## Task to carry out
Copy exactly. Include the line containing "Н. А. Заиченко.", every line after it, and the last line below, but no pictures.

## The data
----------

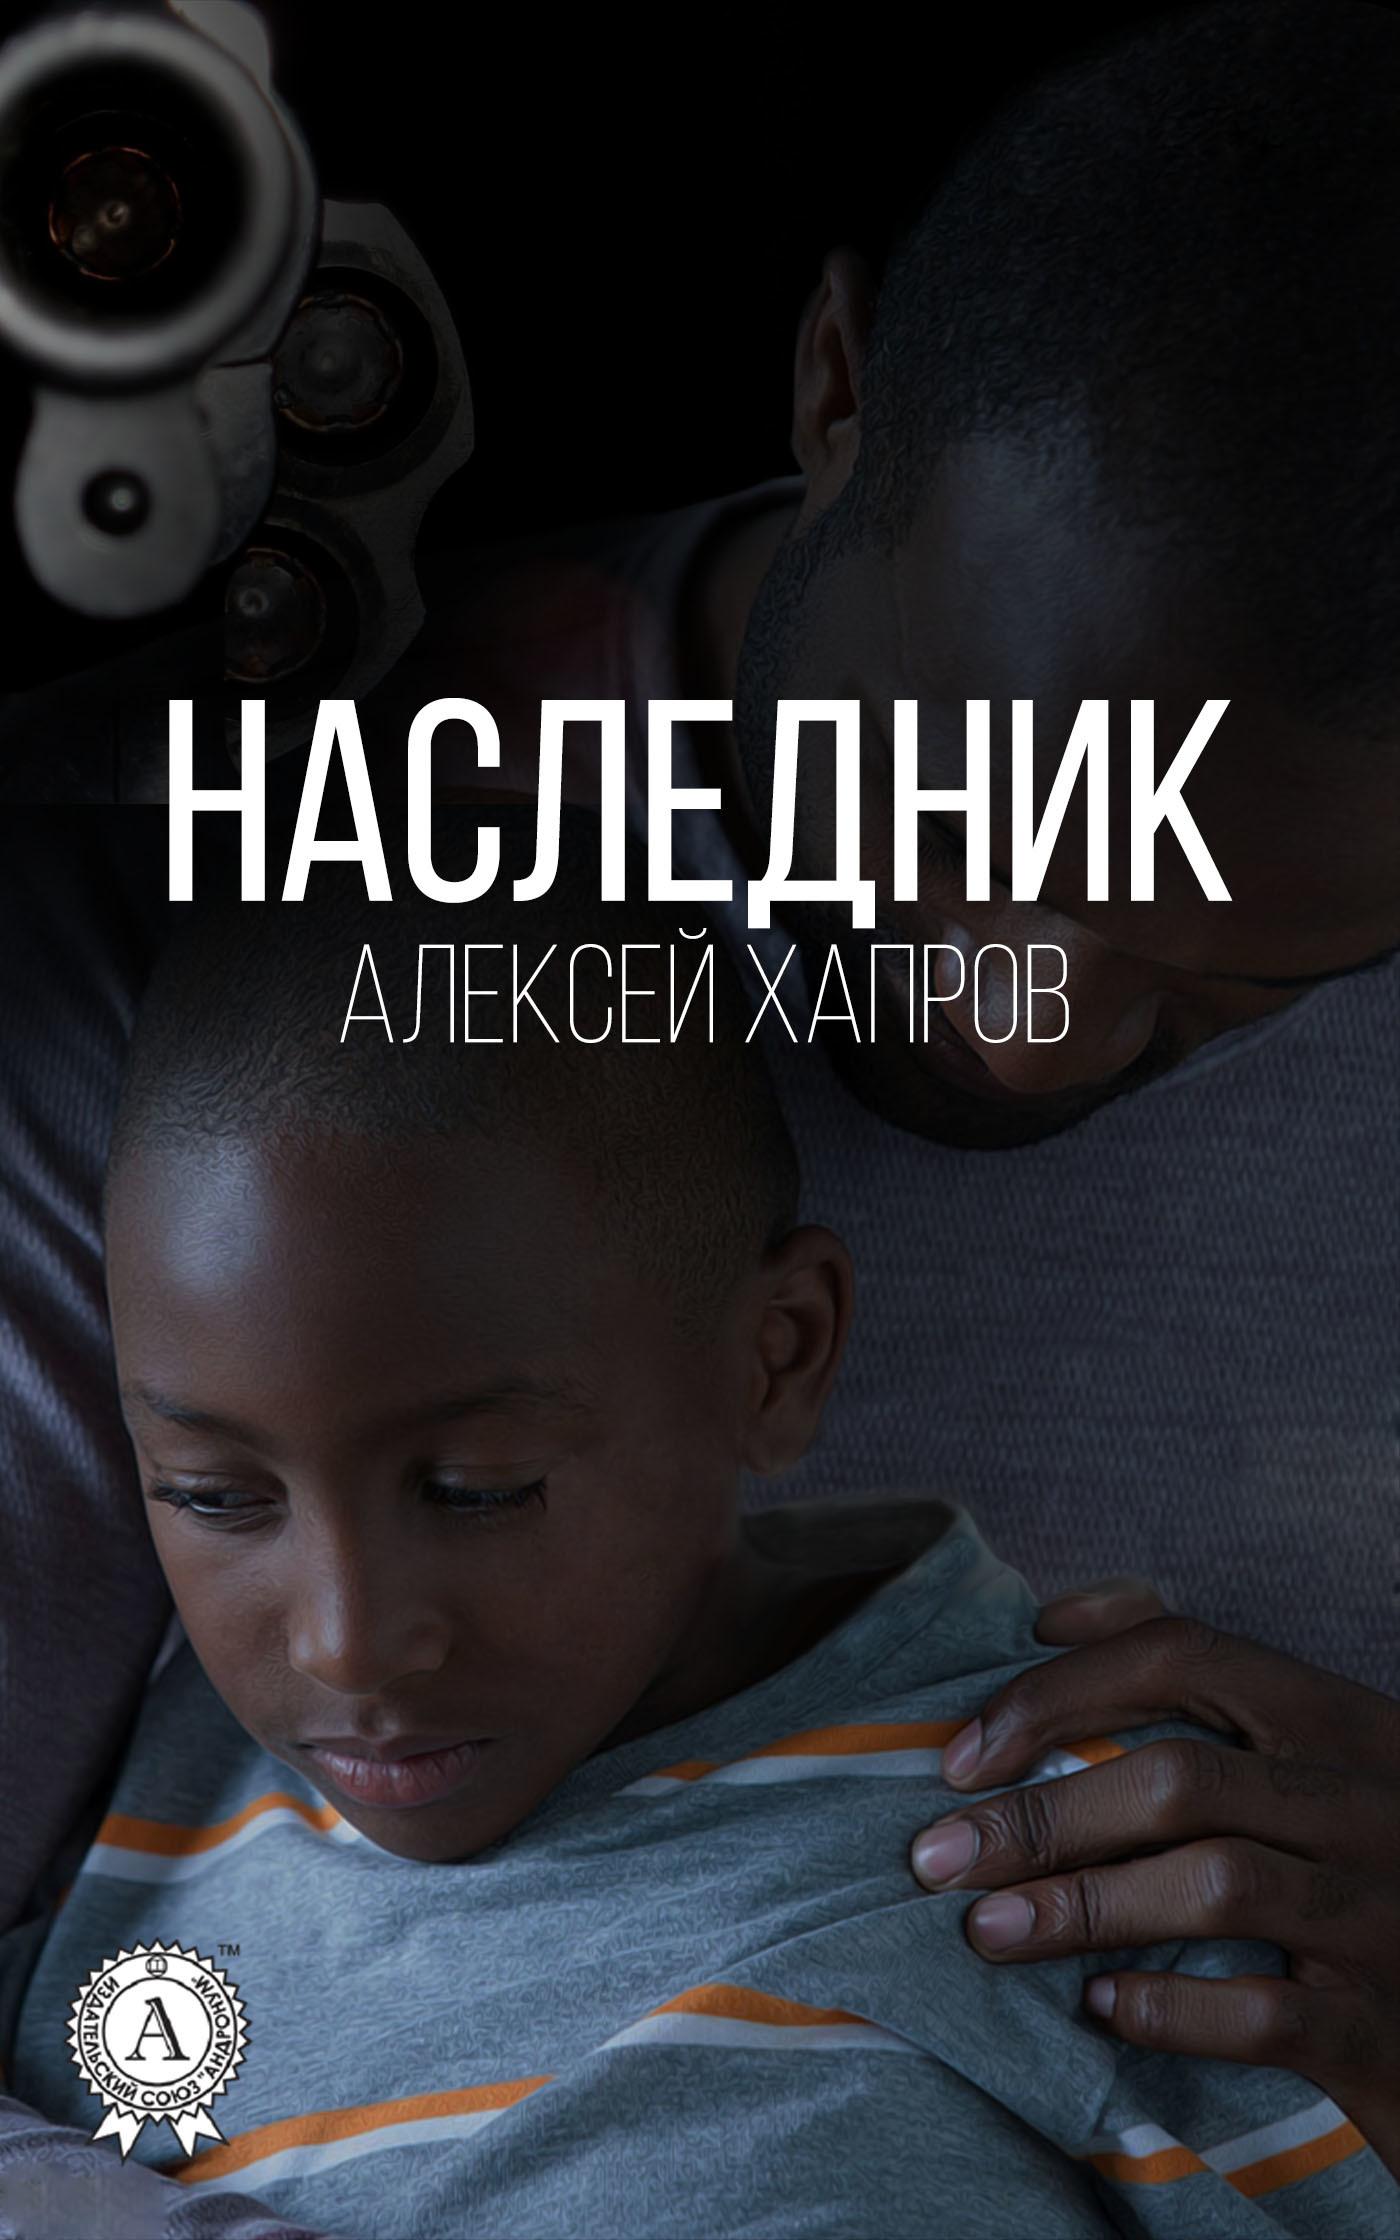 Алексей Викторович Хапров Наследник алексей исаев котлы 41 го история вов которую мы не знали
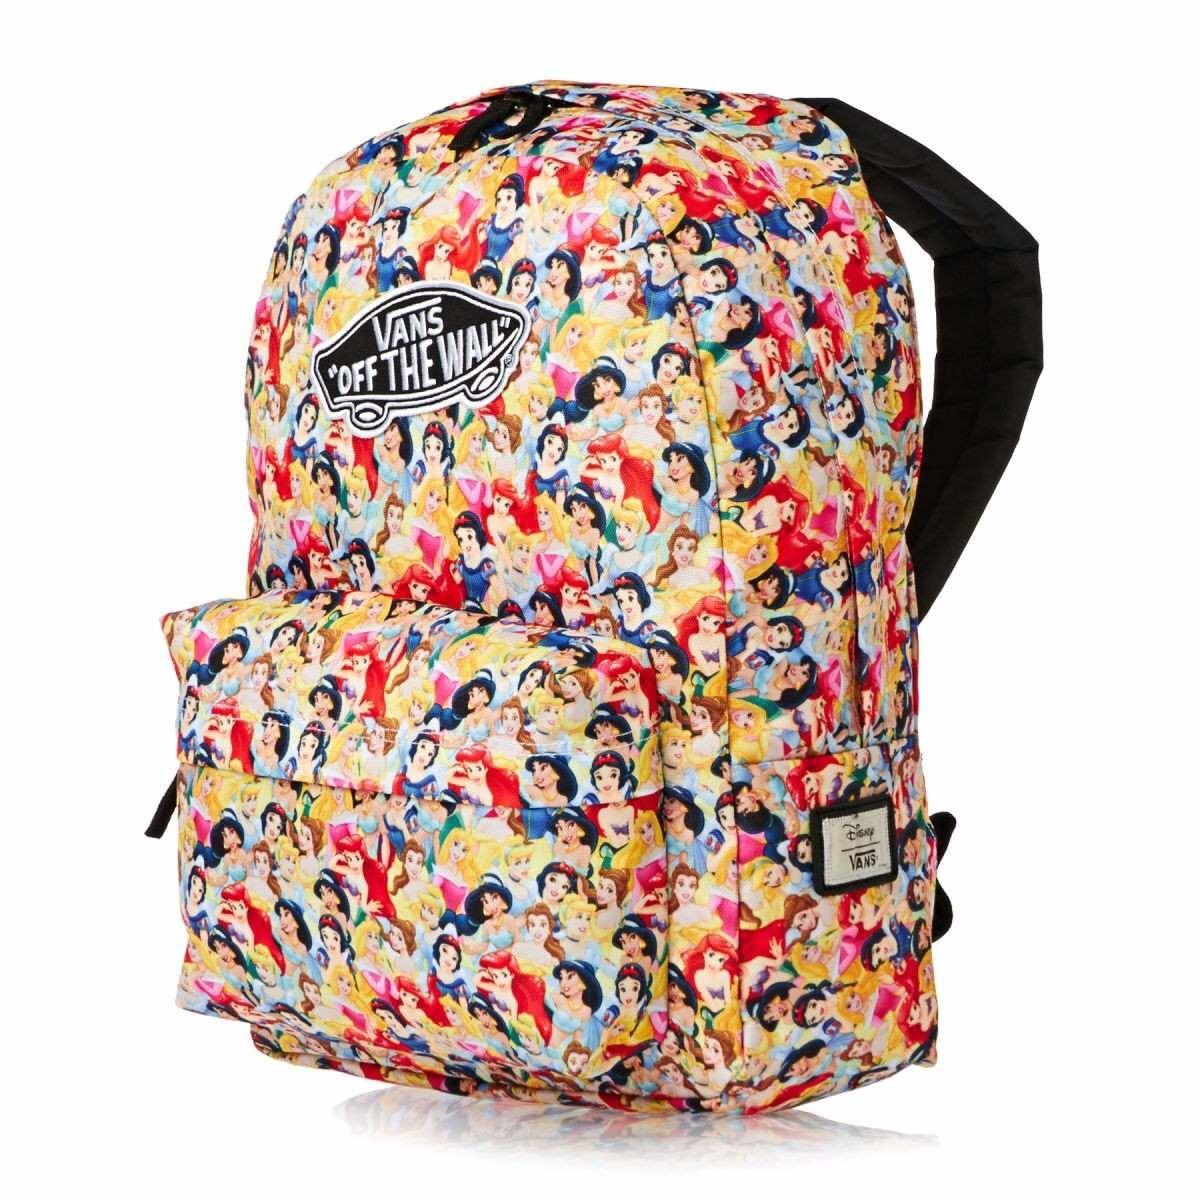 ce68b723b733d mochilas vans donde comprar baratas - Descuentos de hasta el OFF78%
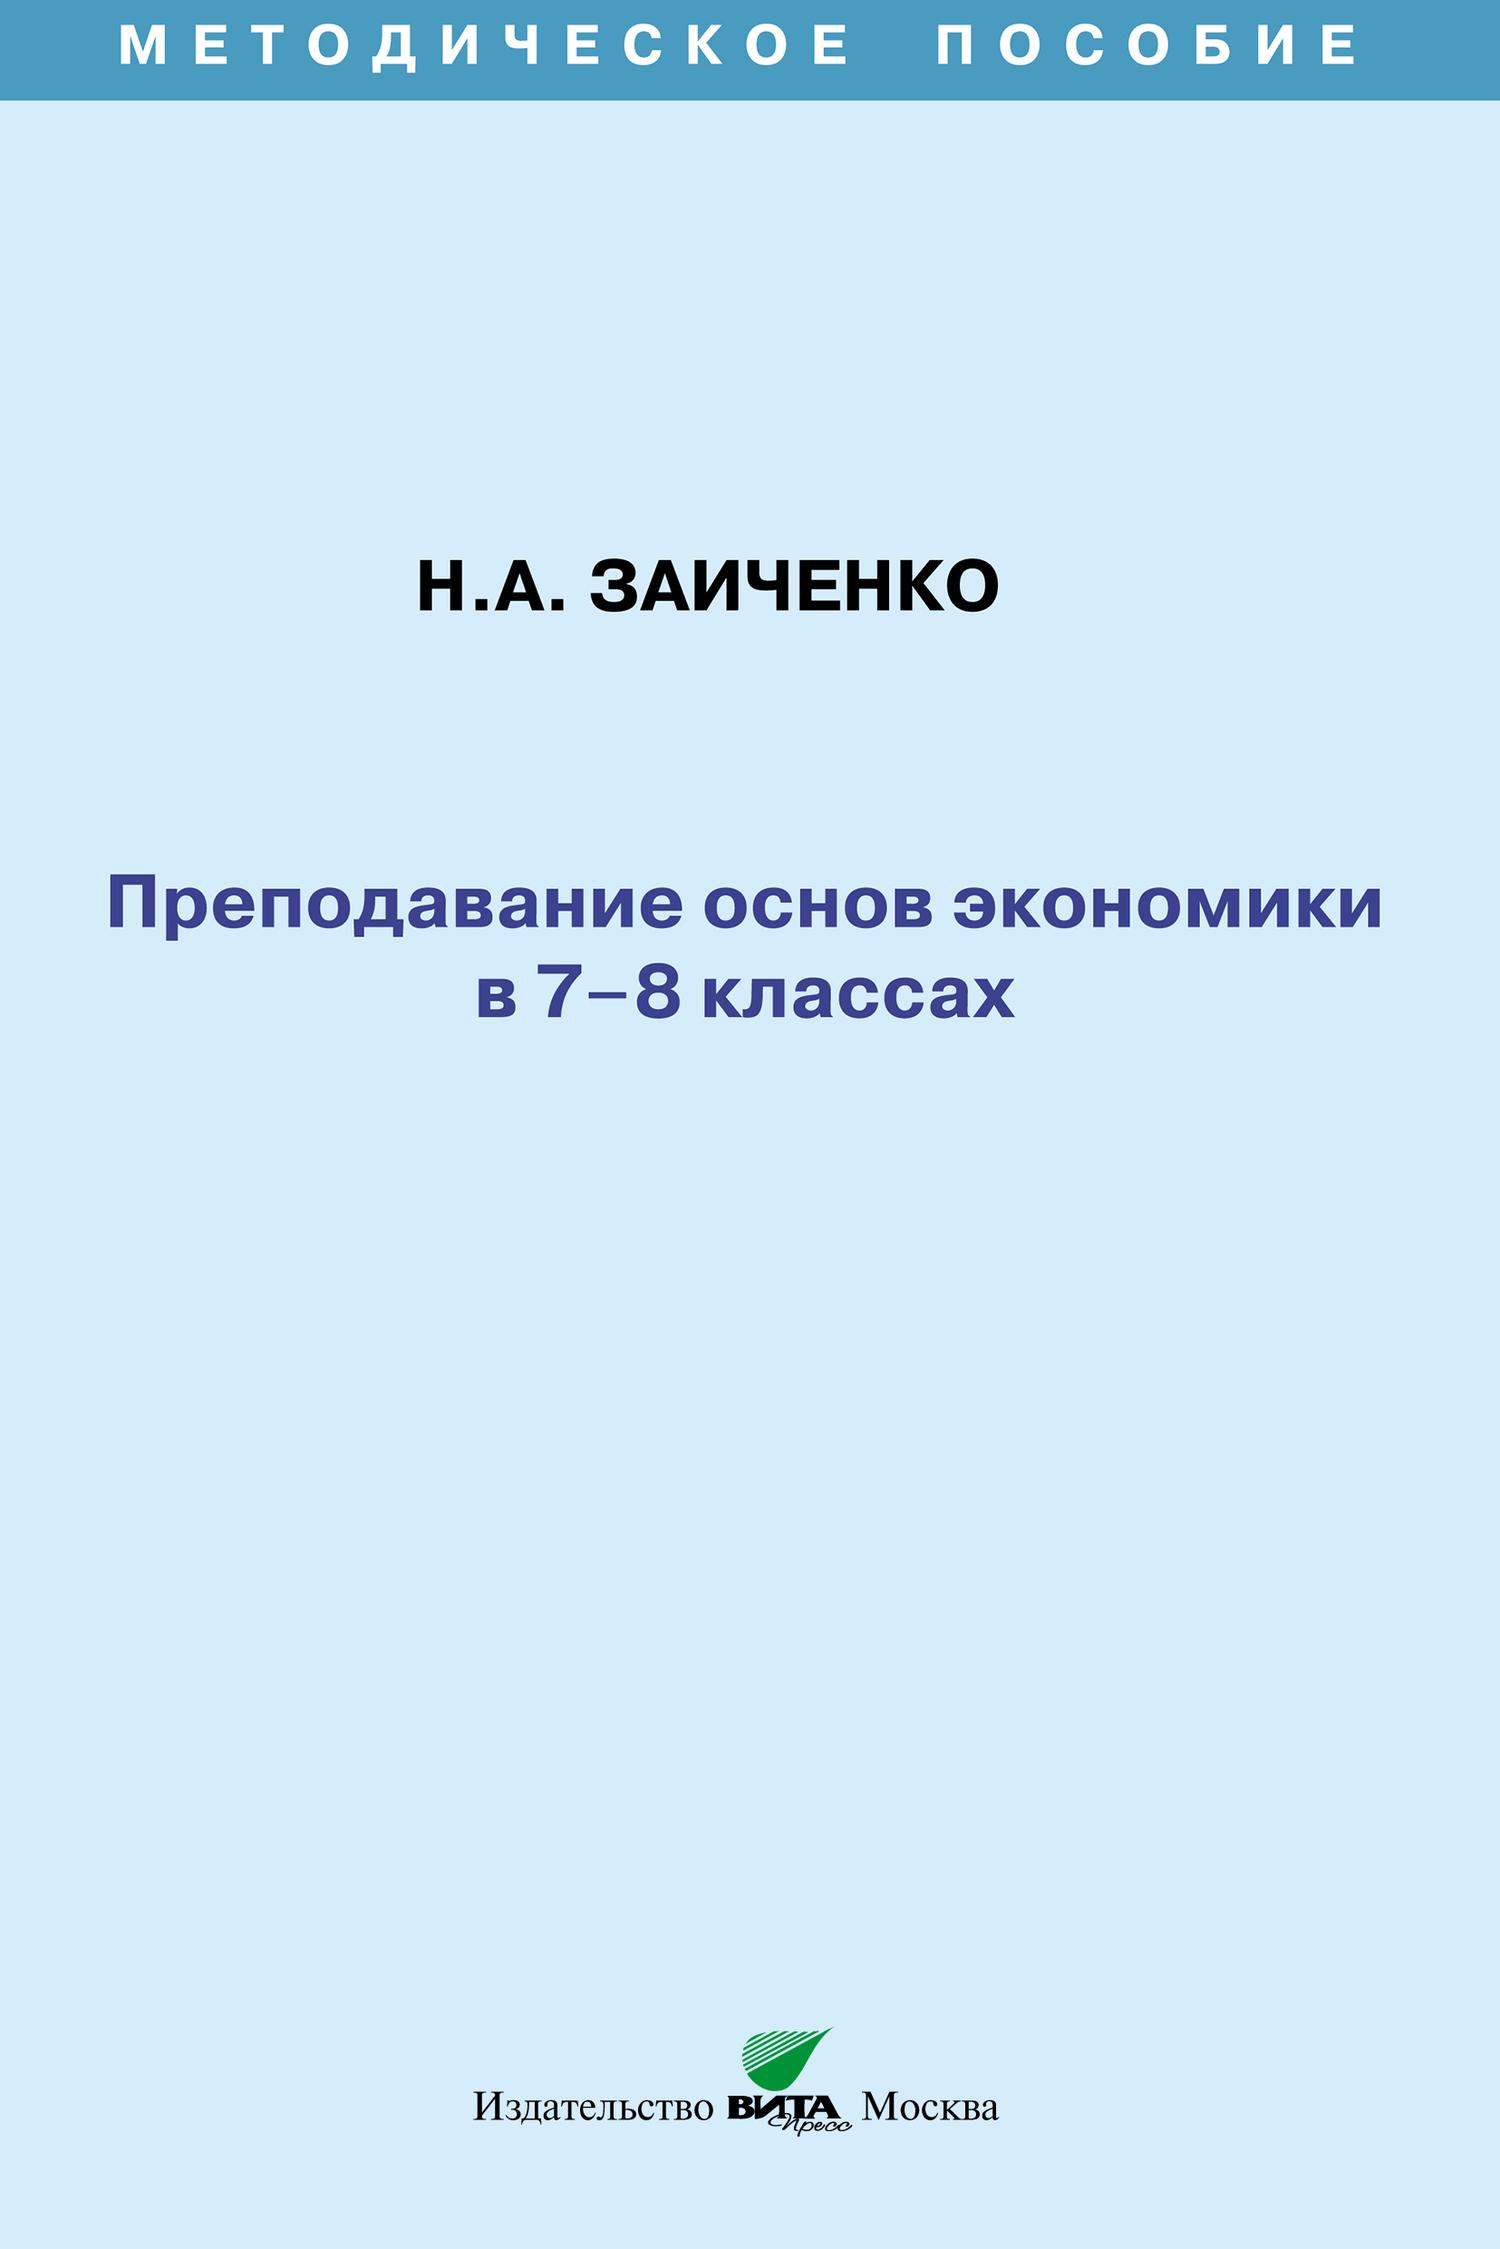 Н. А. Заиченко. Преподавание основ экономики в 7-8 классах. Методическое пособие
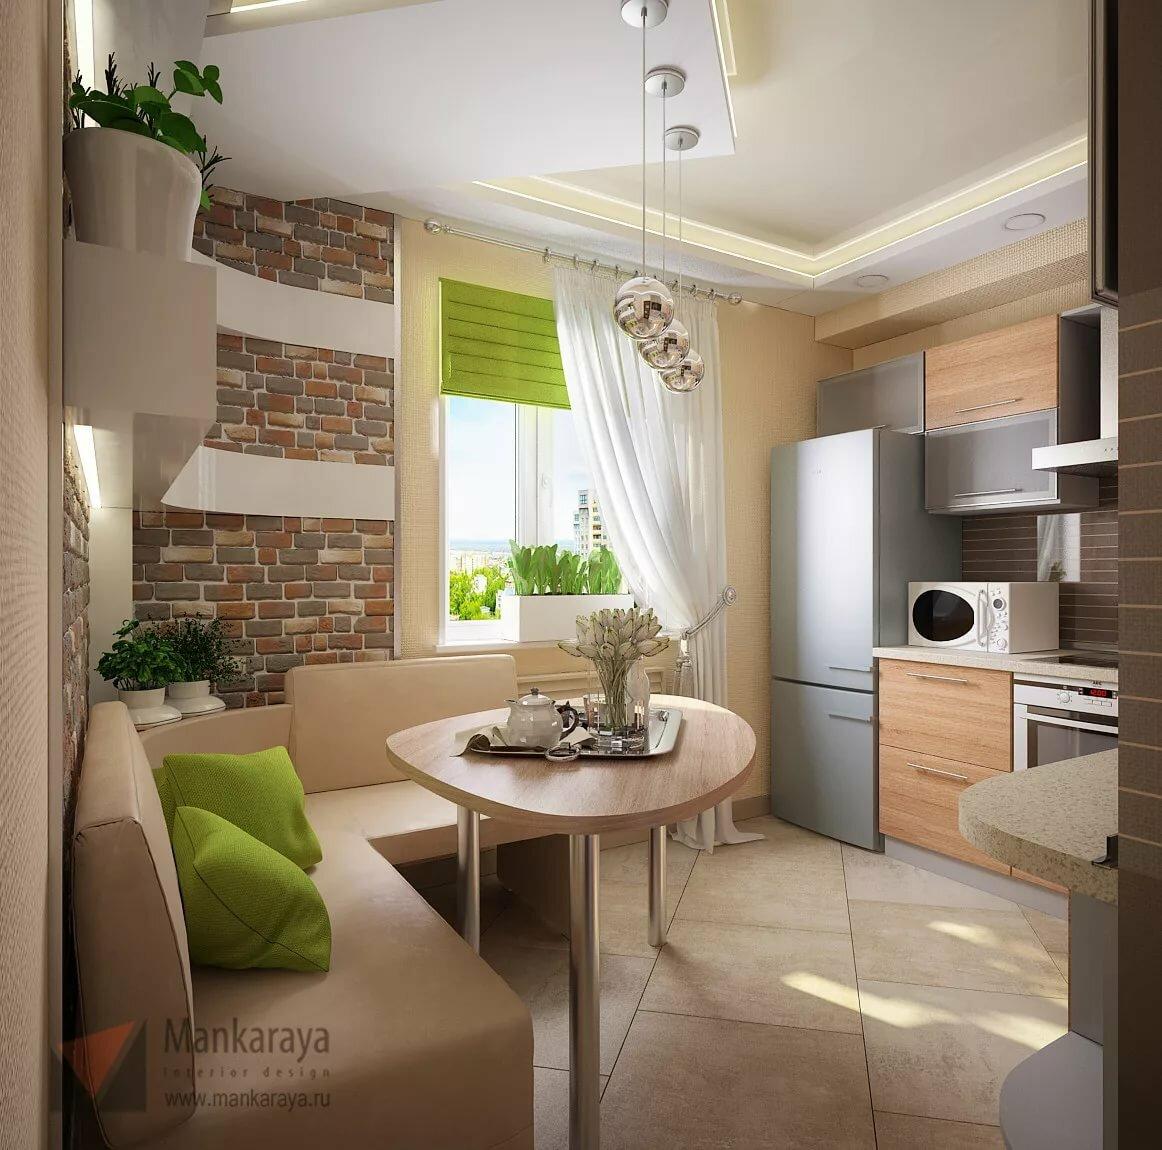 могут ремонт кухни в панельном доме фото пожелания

----------

## Problem solution
 Н. А. Заиченко. Преподавание основ экономики в 7-8 классах. Методическое пособие
 могут ремонт кухни в панельном доме фото пожелания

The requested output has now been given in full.